Exercise details
Give the data again exactly as it appears, excluding any pictures.

Supplied information
━━━━━━━━━━━━━━━━━━━━━━━━━━━━━━

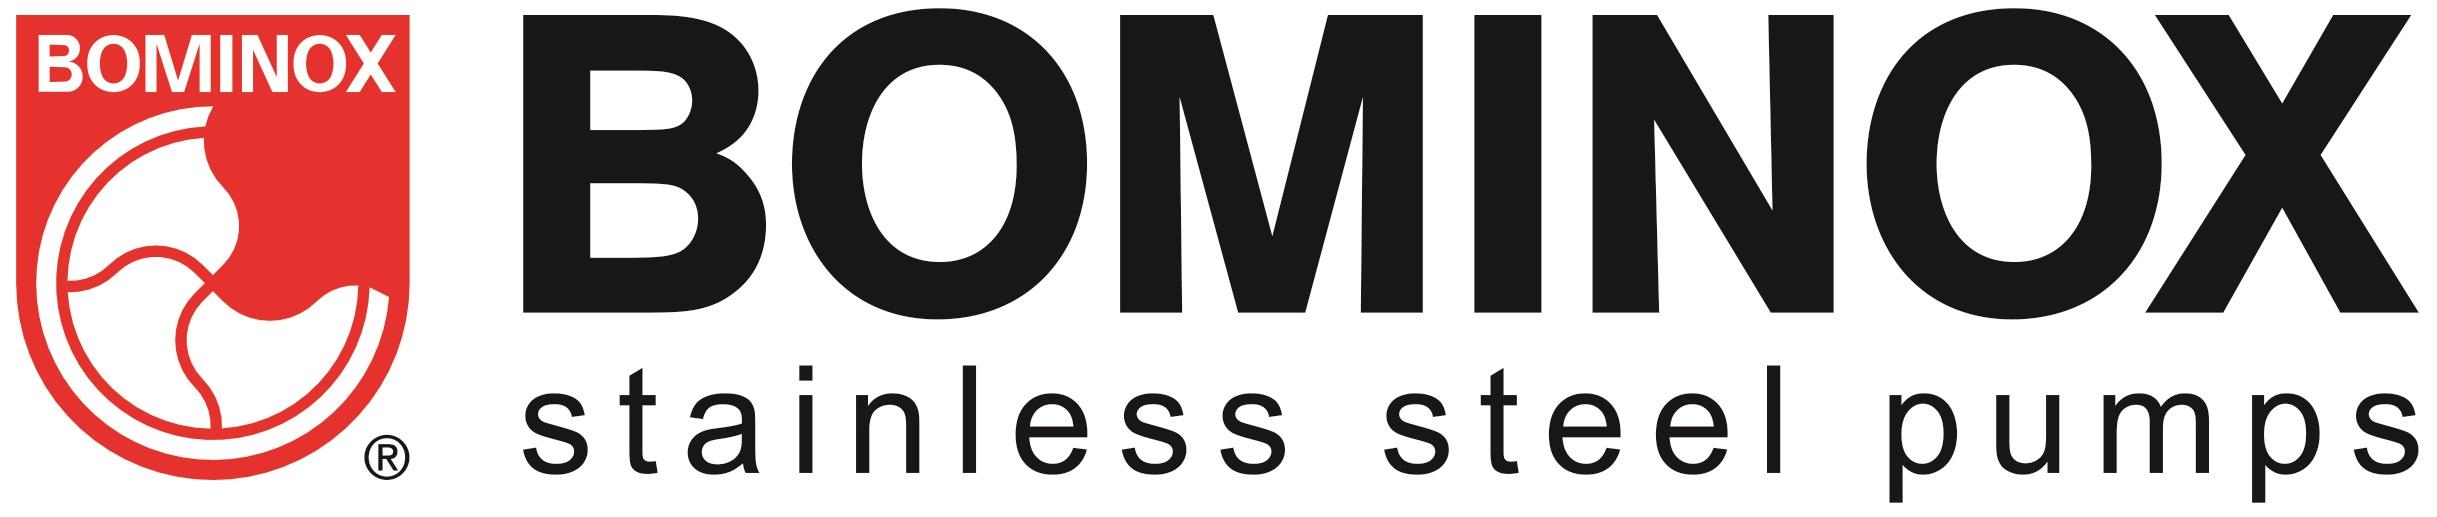 LOGO BOMINOX 2014_aplicacions
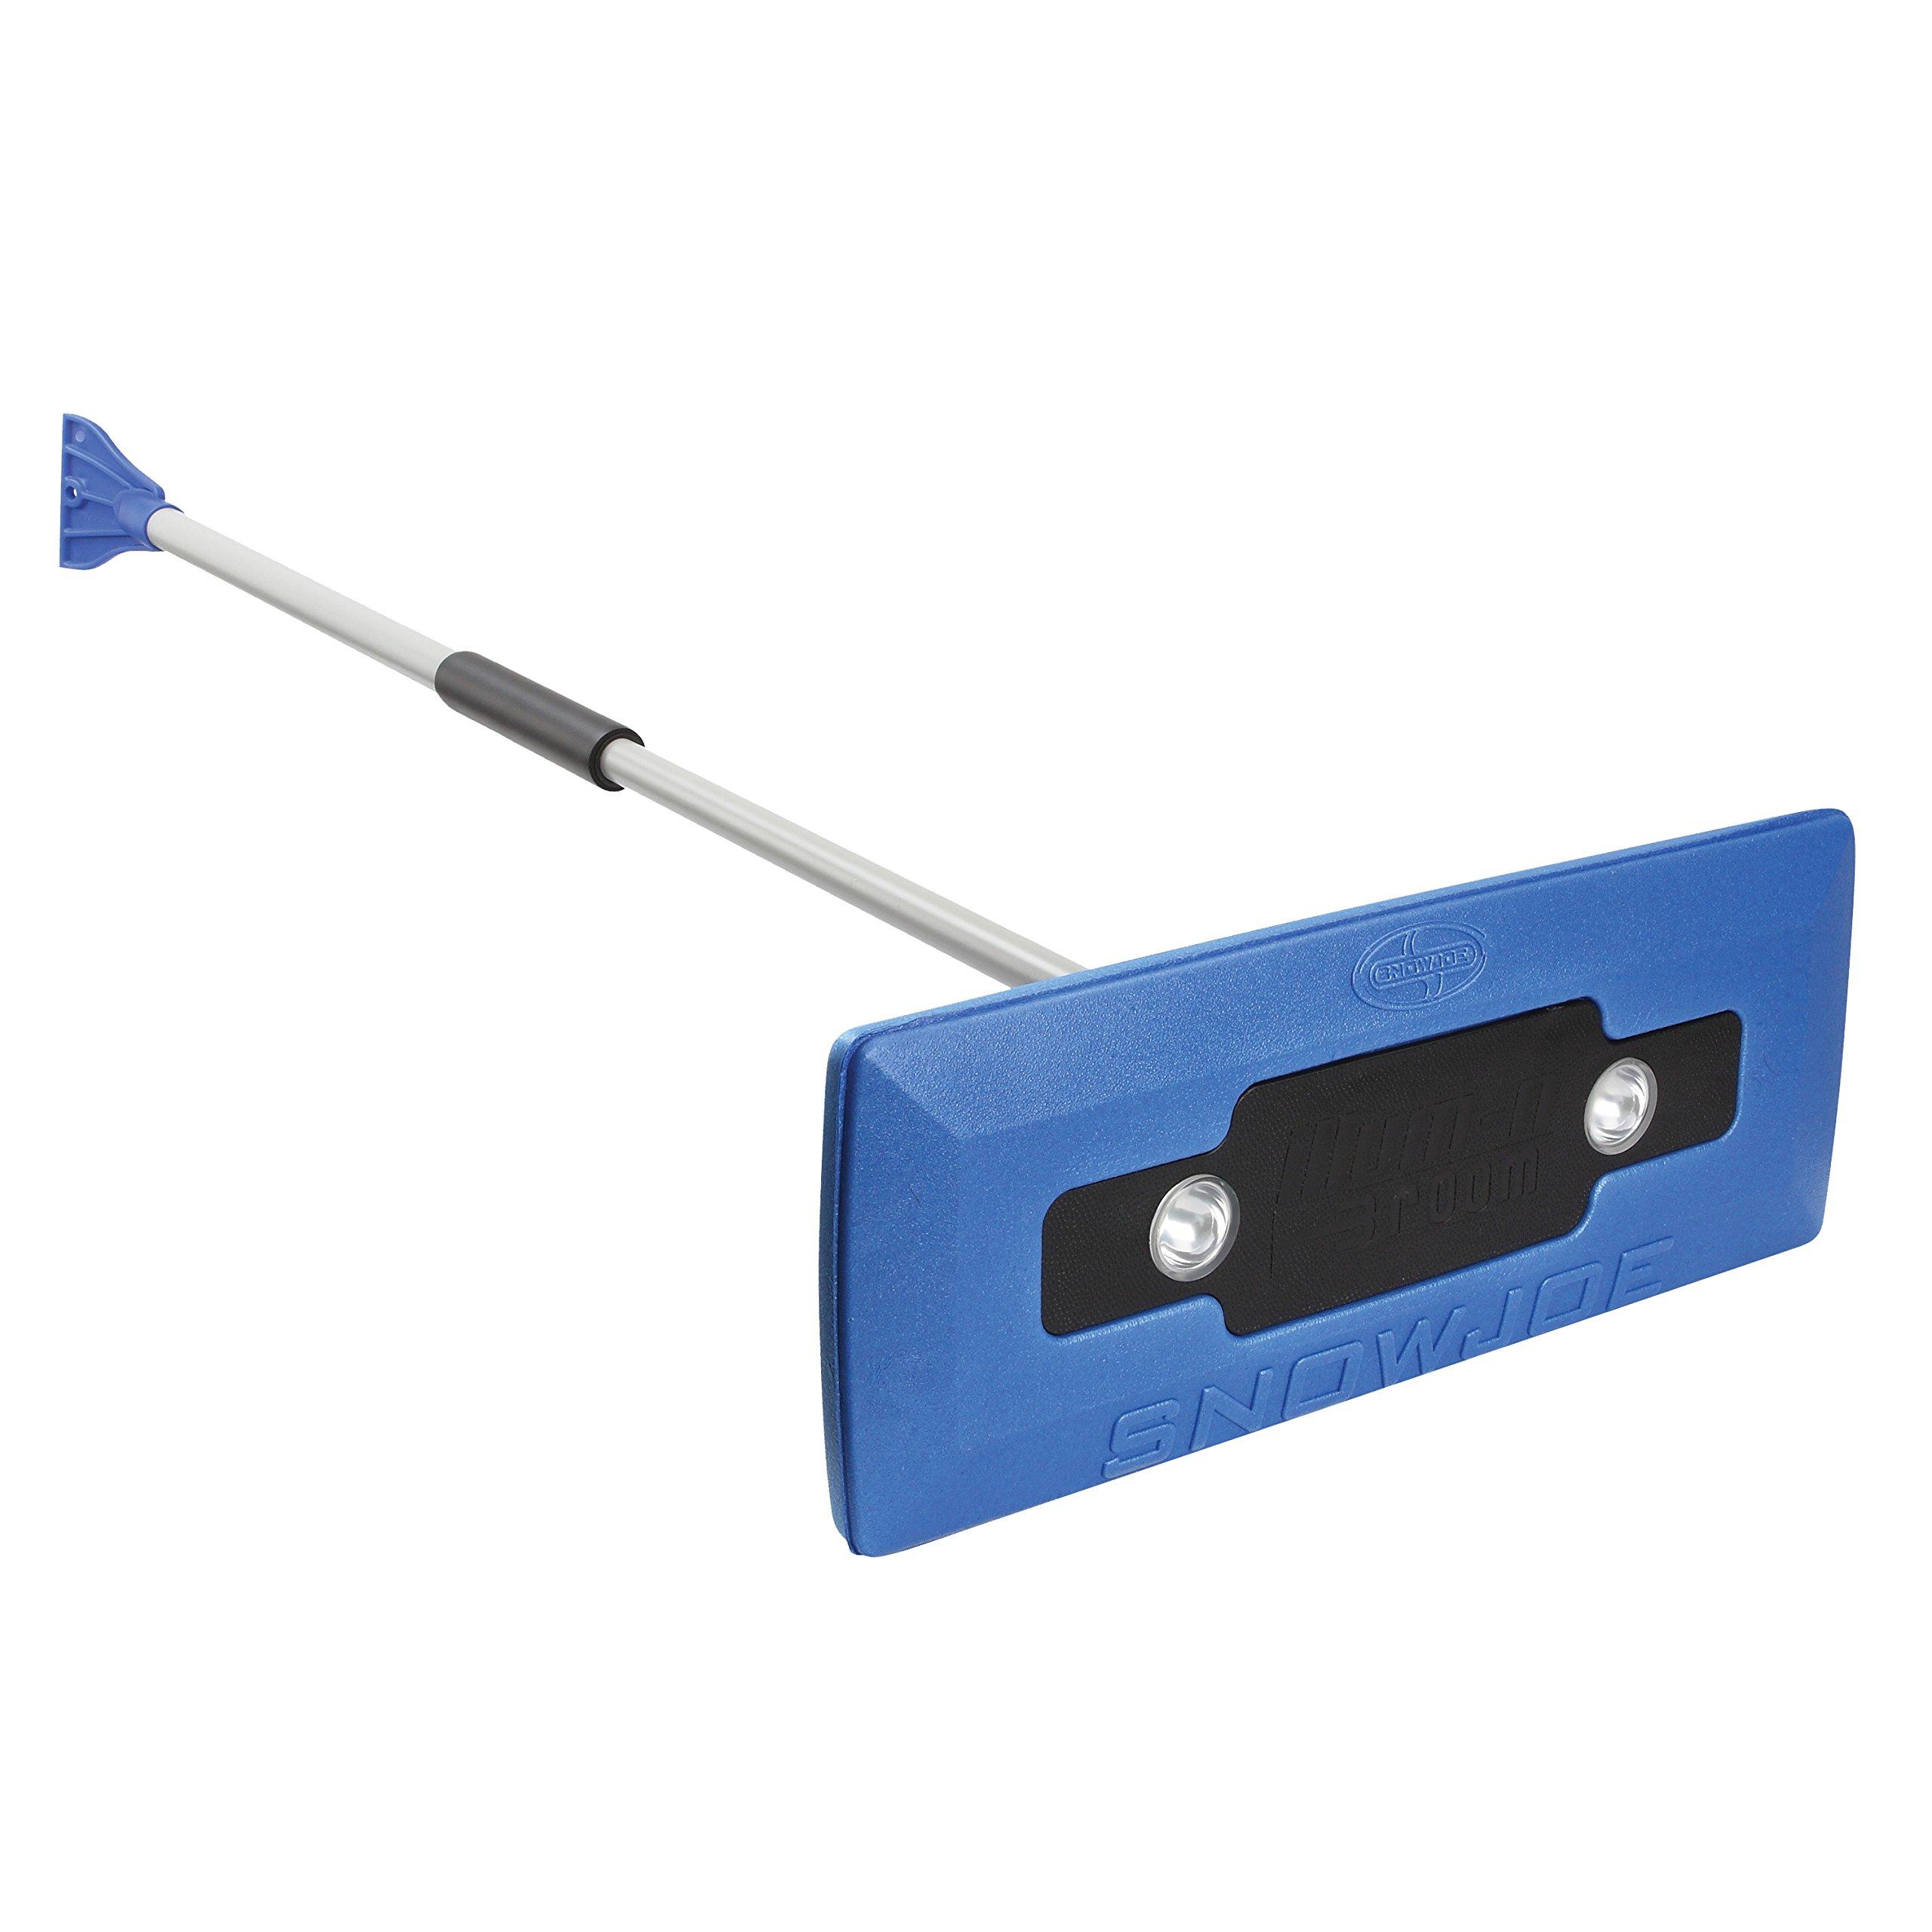 Snow Joe SJBLZD-LED 4-In-1 Telescoping Snow Broom + Ice Scraper | 18-Inch Foam Head | Headlights (Blue) by Snow Joe
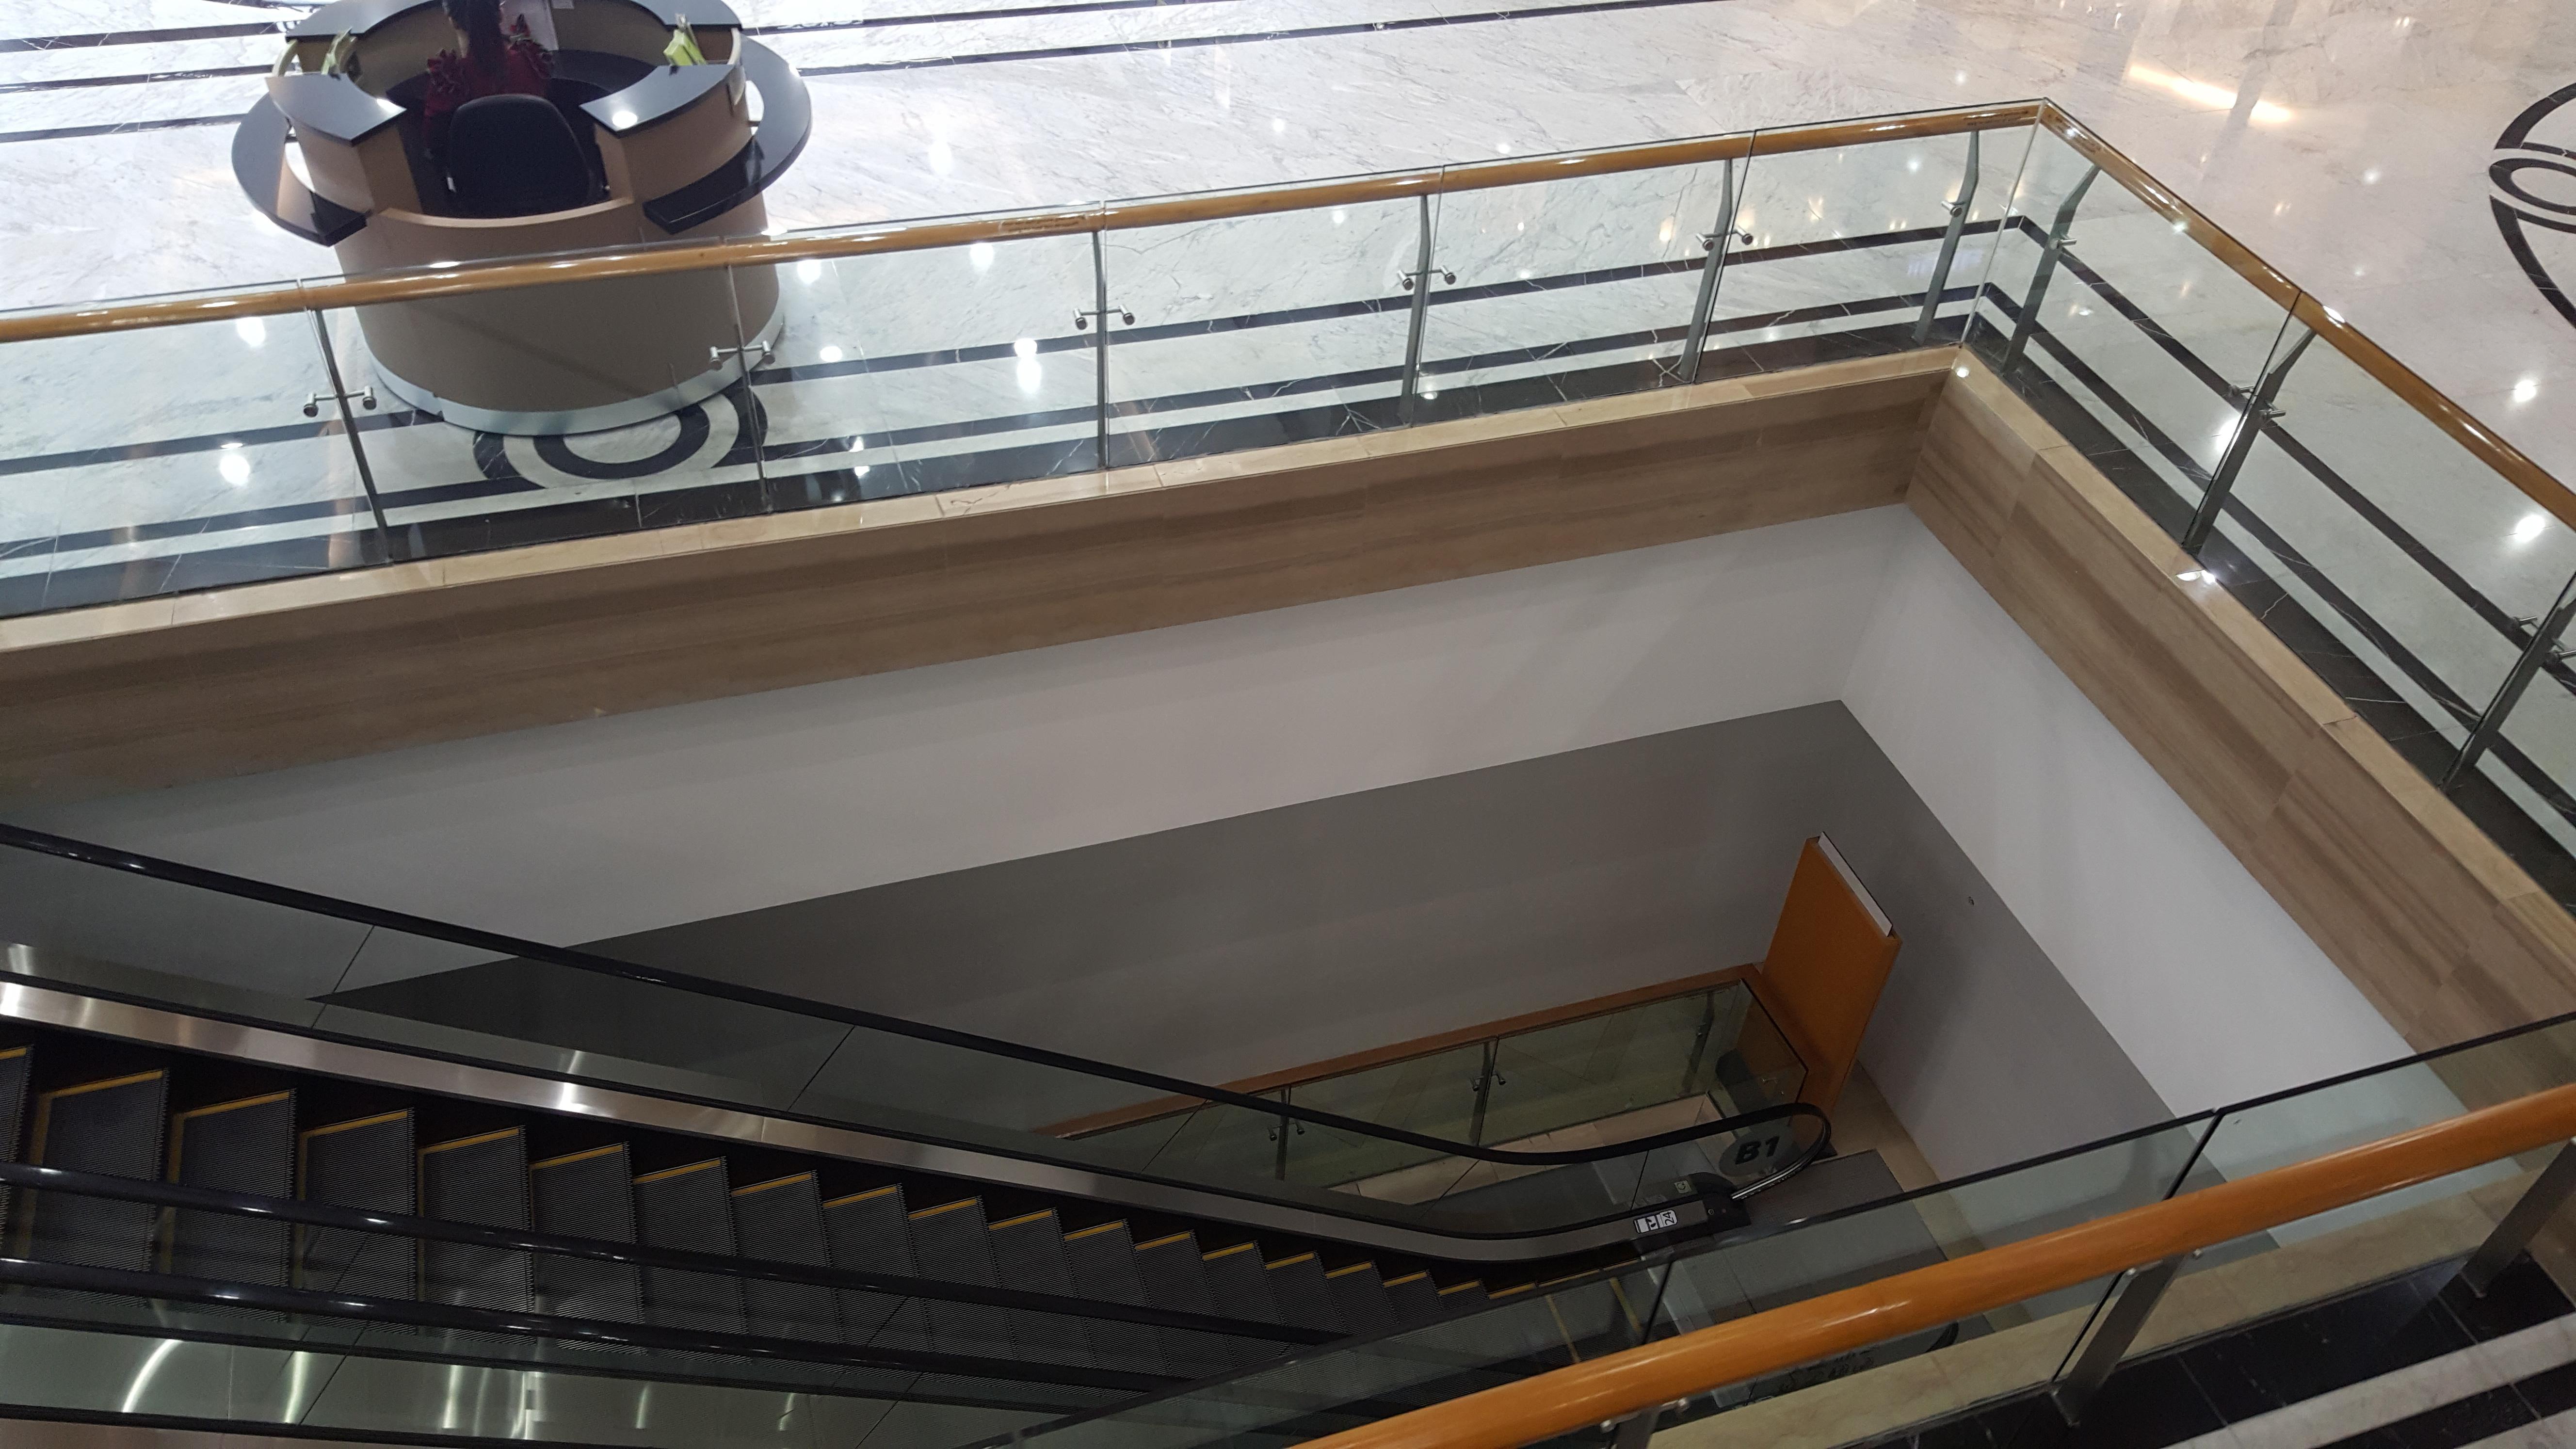 Toàn bộ phần ngầm của tòa nhà đã ngưng hoạt động từ gần 2 năm nay để nâng cấp sửa chữa thành khách sạn

━━━━━━━━━━━━━━━━━━━━━━━━━━━━━━

Your response
 LOGO BOMINOX 2014_aplicacions
 Snow Joe SJBLZD-LED 4-In-1 Telescoping Snow Broom + Ice Scraper | 18-Inch Foam Head | Headlights (Blue) by Snow Joe
 Toàn bộ phần ngầm của tòa nhà đã ngưng hoạt động từ gần 2 năm nay để nâng cấp sửa chữa thành khách sạn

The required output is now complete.